··· Information provided ···

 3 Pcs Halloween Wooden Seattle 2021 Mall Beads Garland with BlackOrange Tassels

···
··· Information provided ···

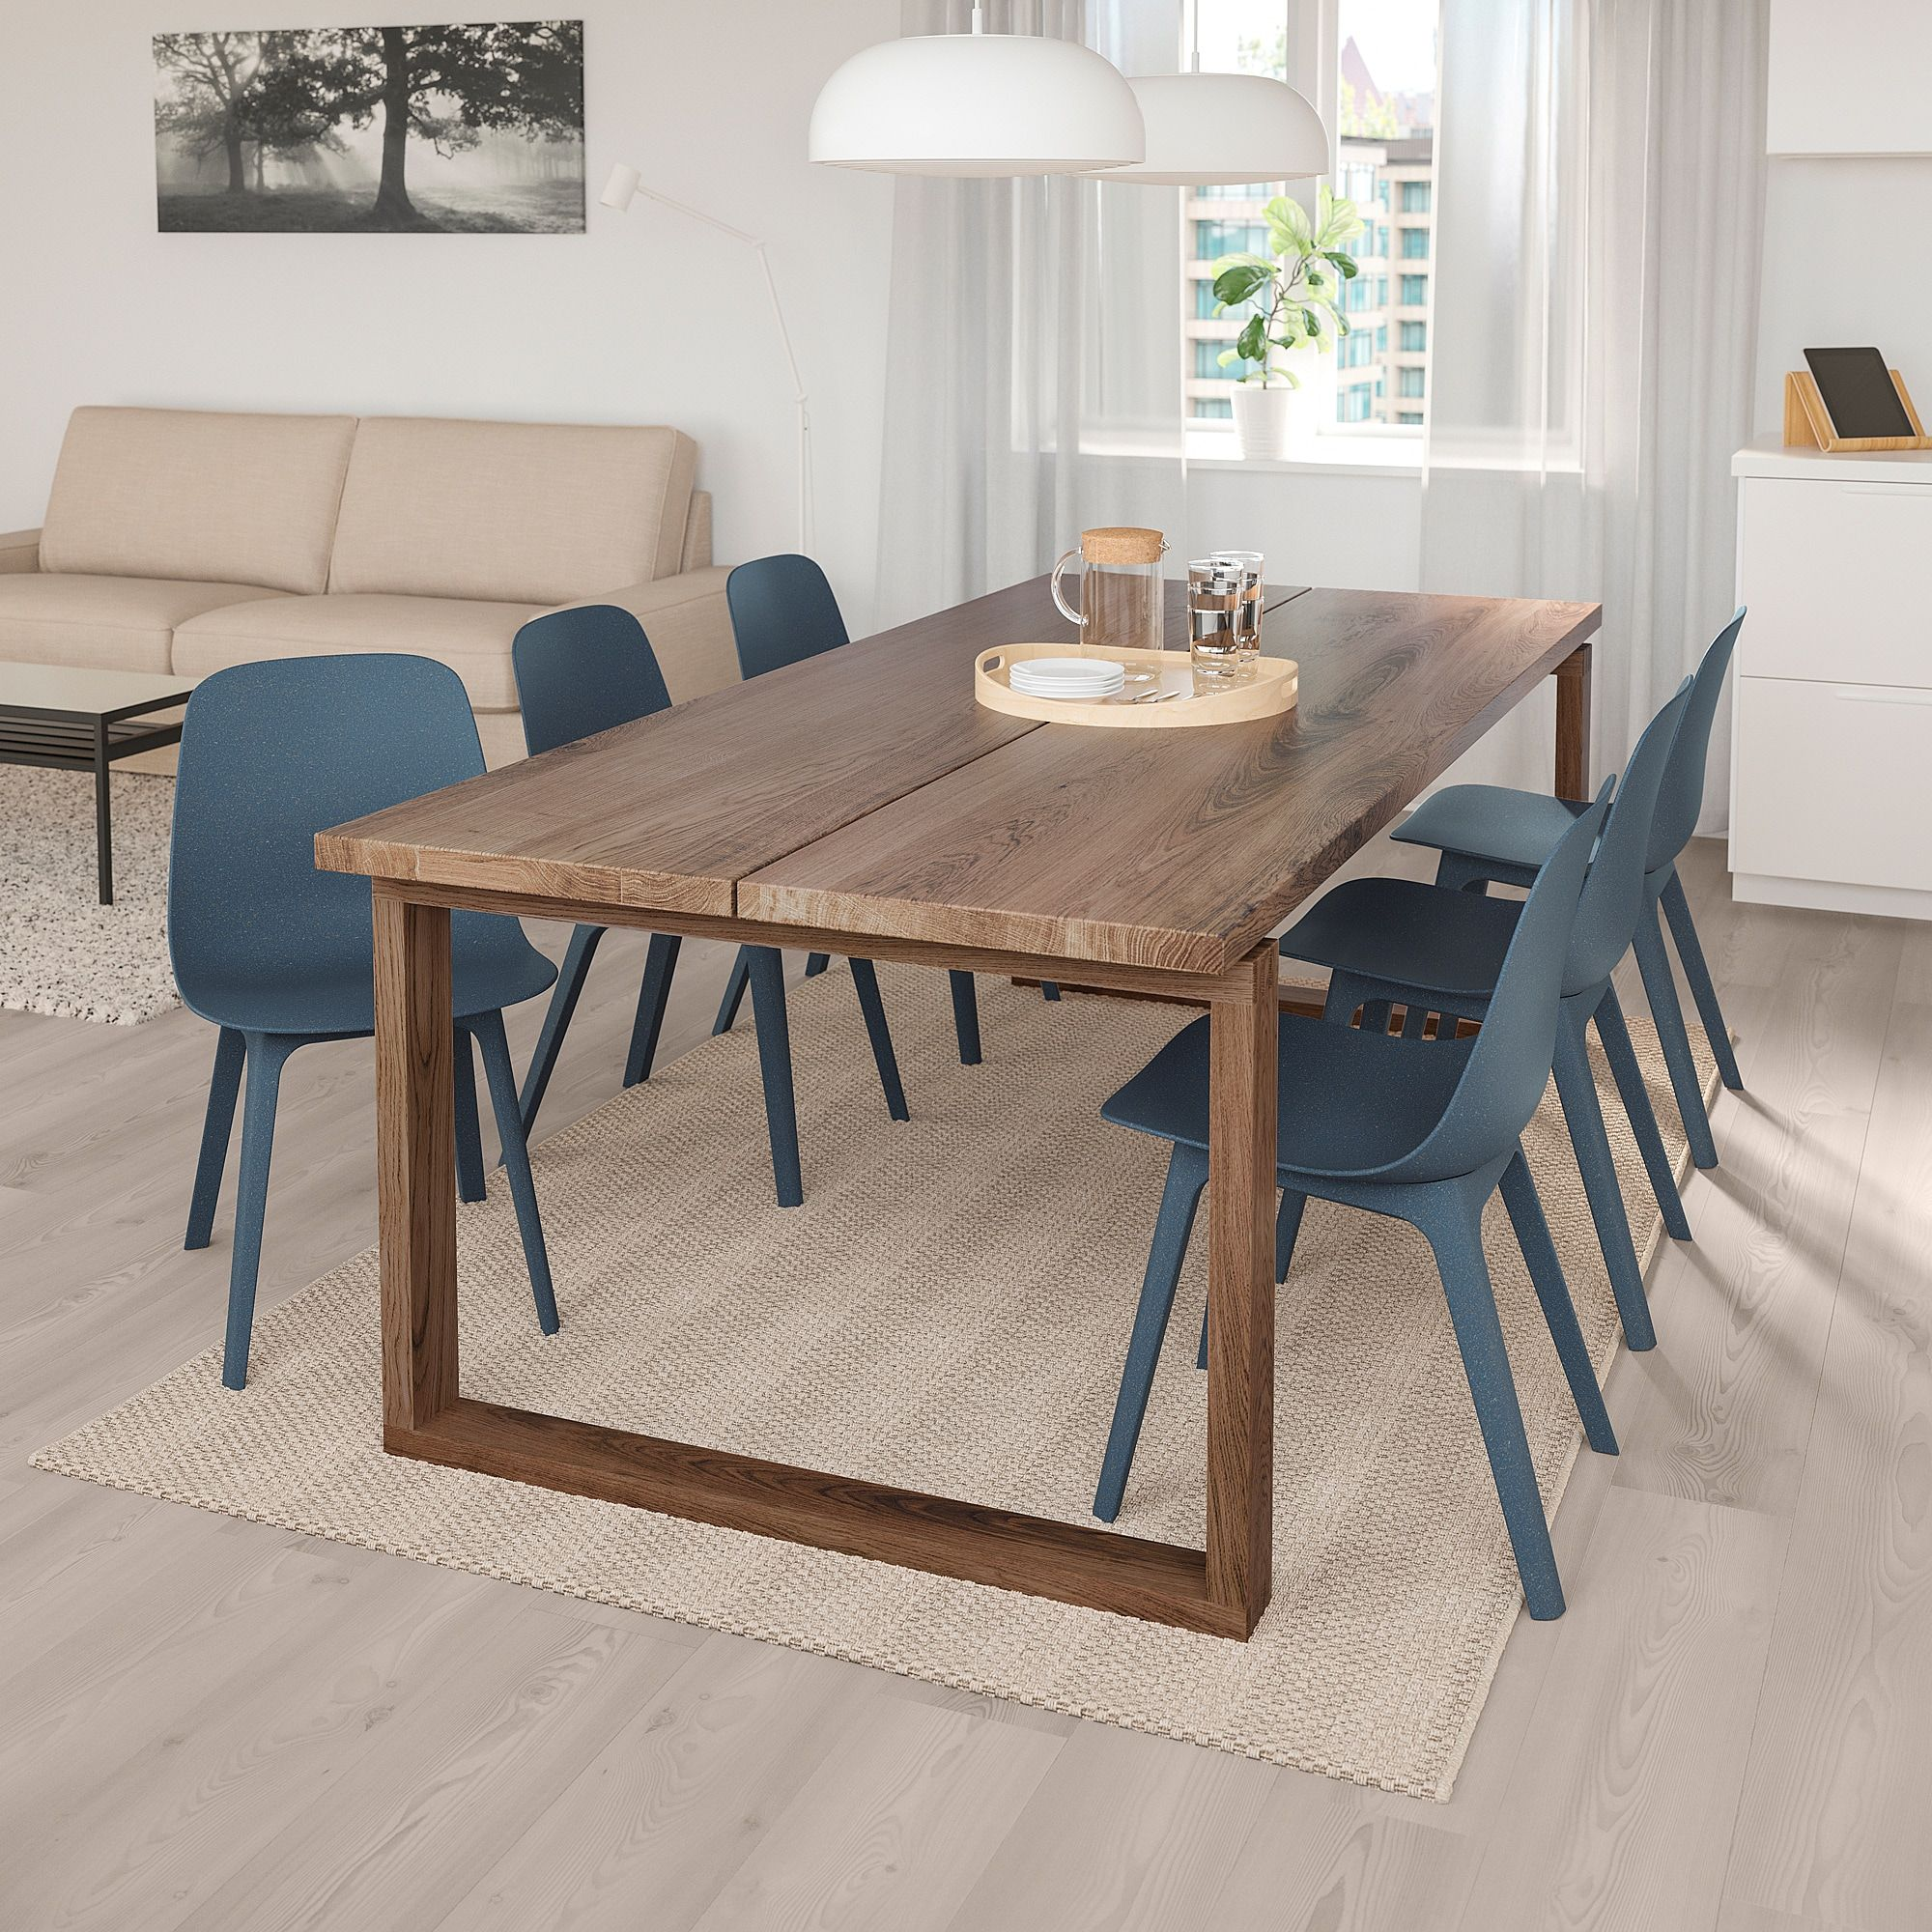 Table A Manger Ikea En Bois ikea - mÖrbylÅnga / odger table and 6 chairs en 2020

···
··· Information provided ···

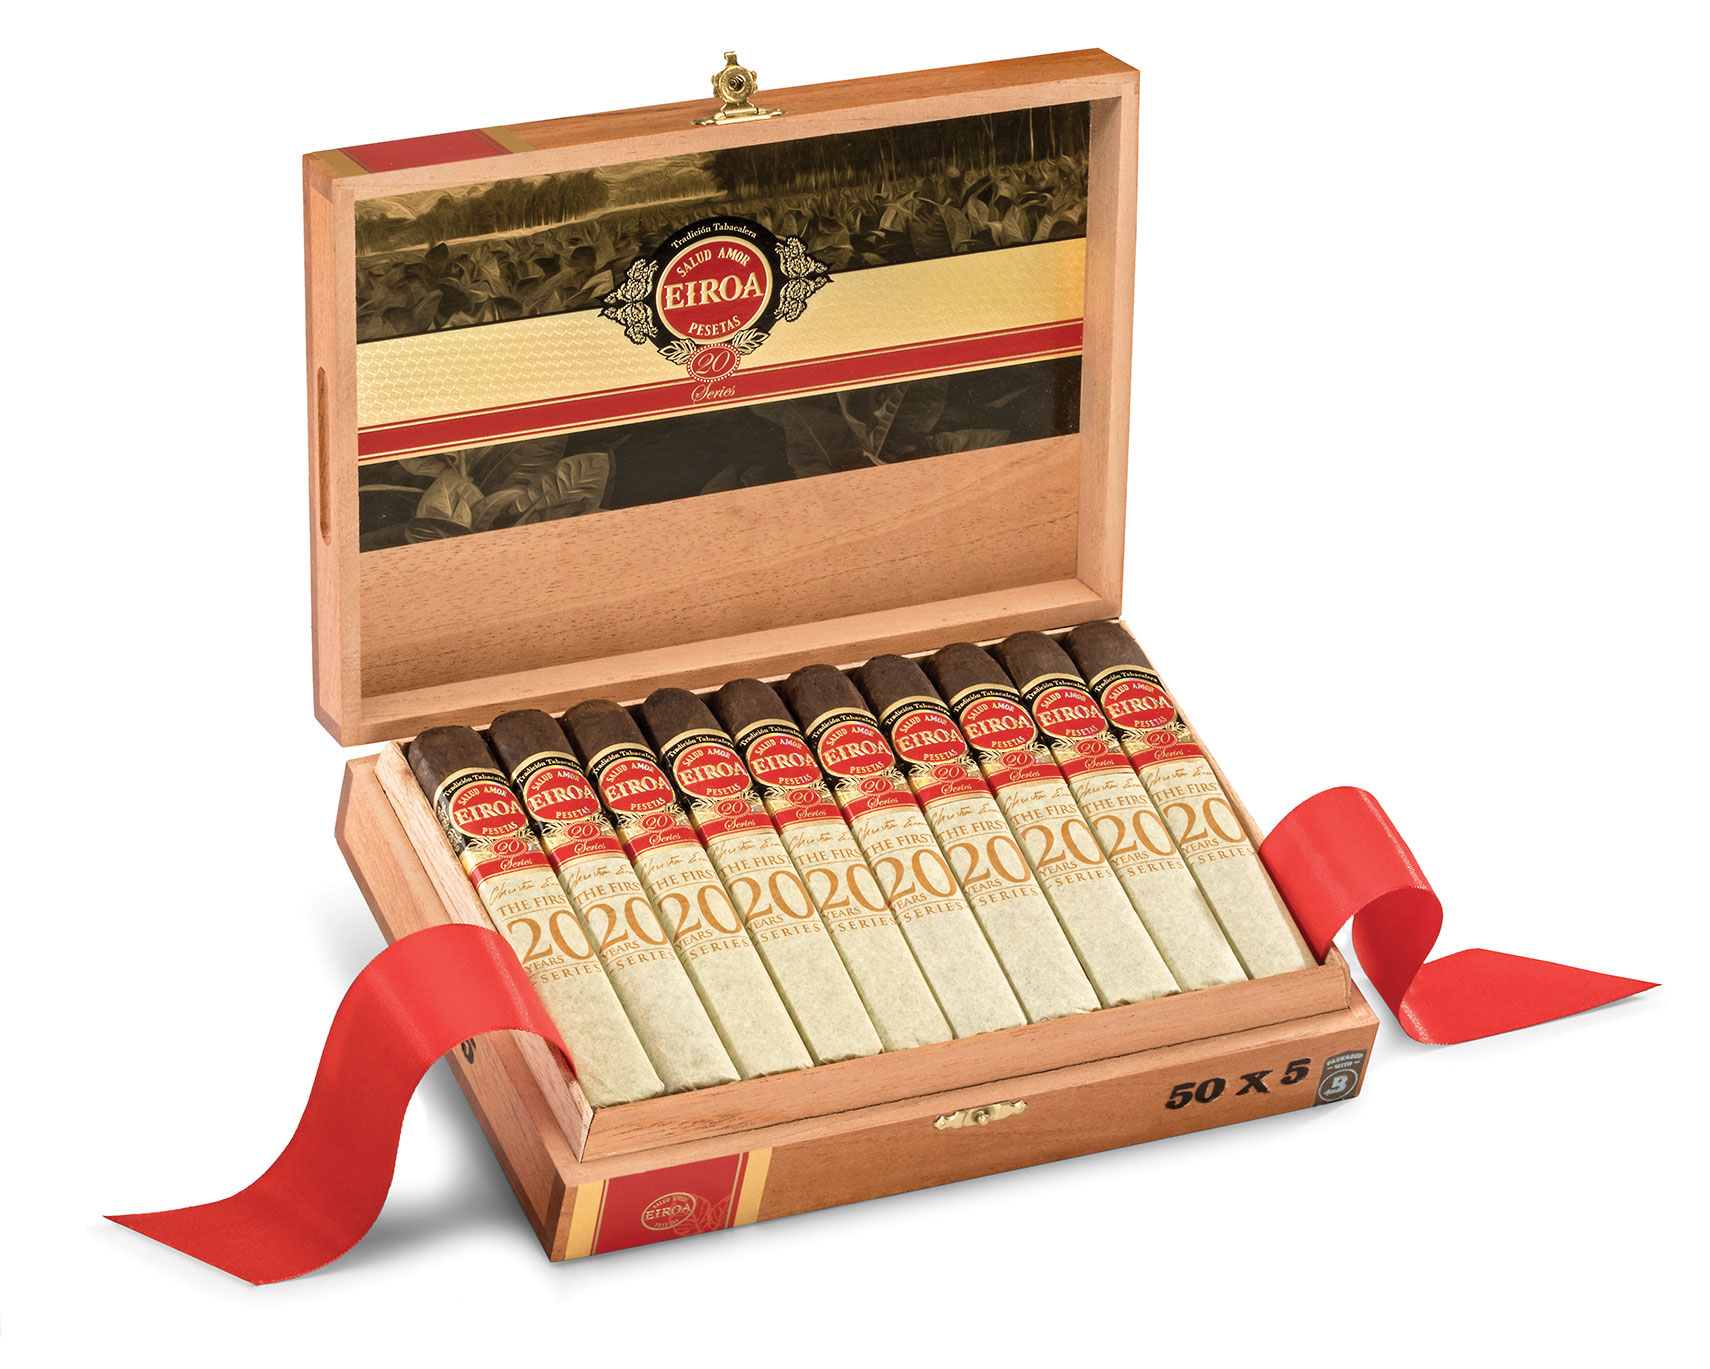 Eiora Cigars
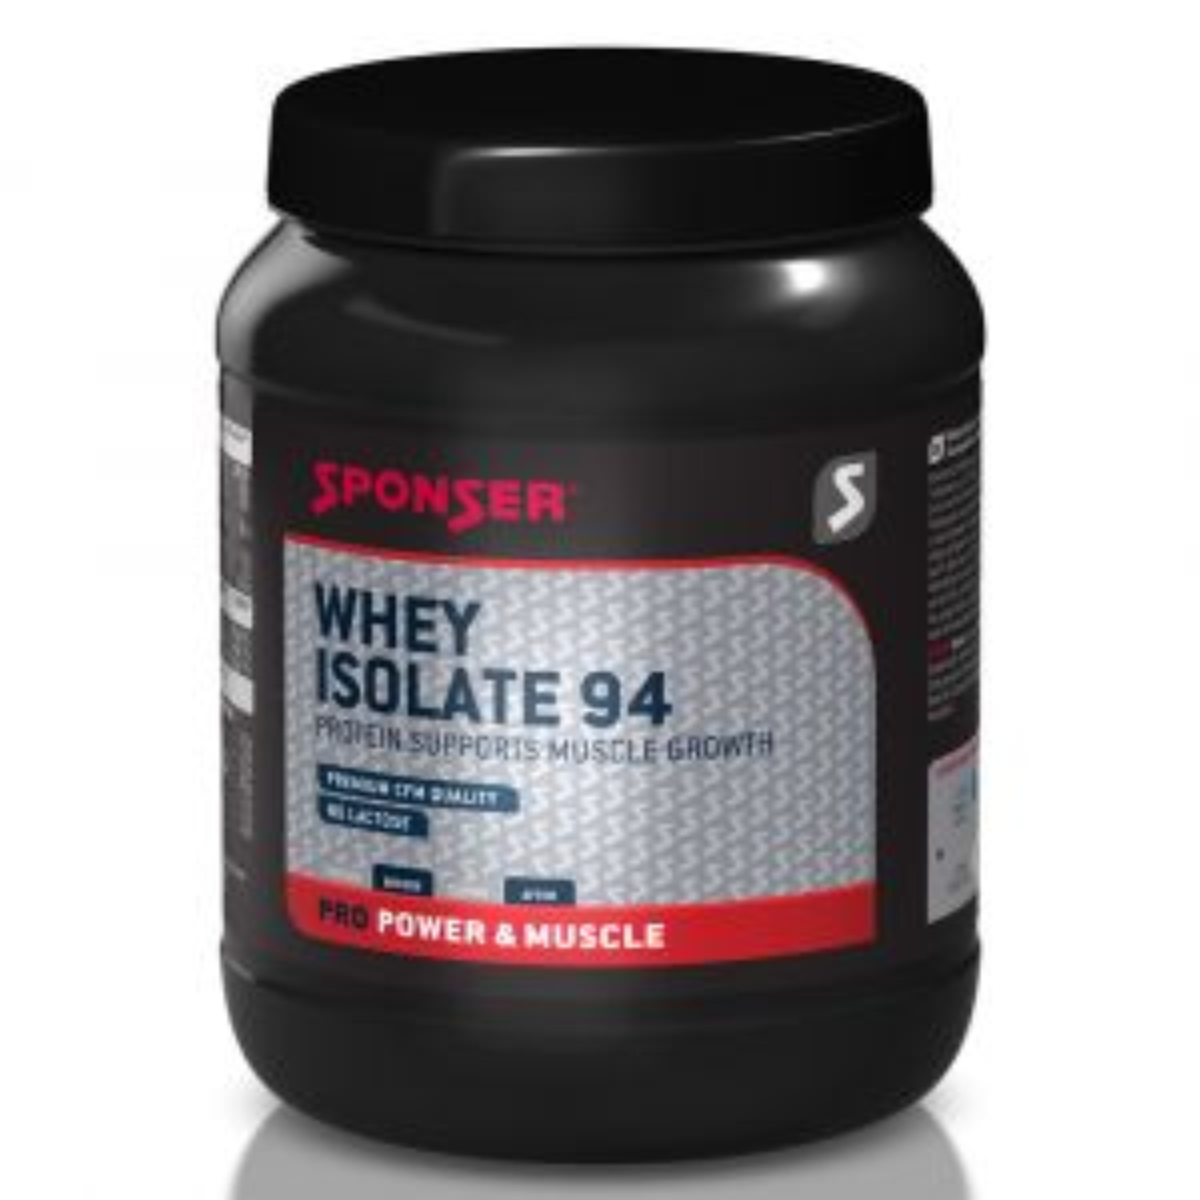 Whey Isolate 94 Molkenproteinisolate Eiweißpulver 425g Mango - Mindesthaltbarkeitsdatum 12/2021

···

Exact repeat of the material above: every line from the one with "Eiora Cigars" through the one with "Whey Isolate 94", endpoints included, and nothing more. No pictures.

*Your solution:*
 Eiora Cigars
 Whey Isolate 94 Molkenproteinisolate Eiweißpulver 425g Mango - Mindesthaltbarkeitsdatum 12/2021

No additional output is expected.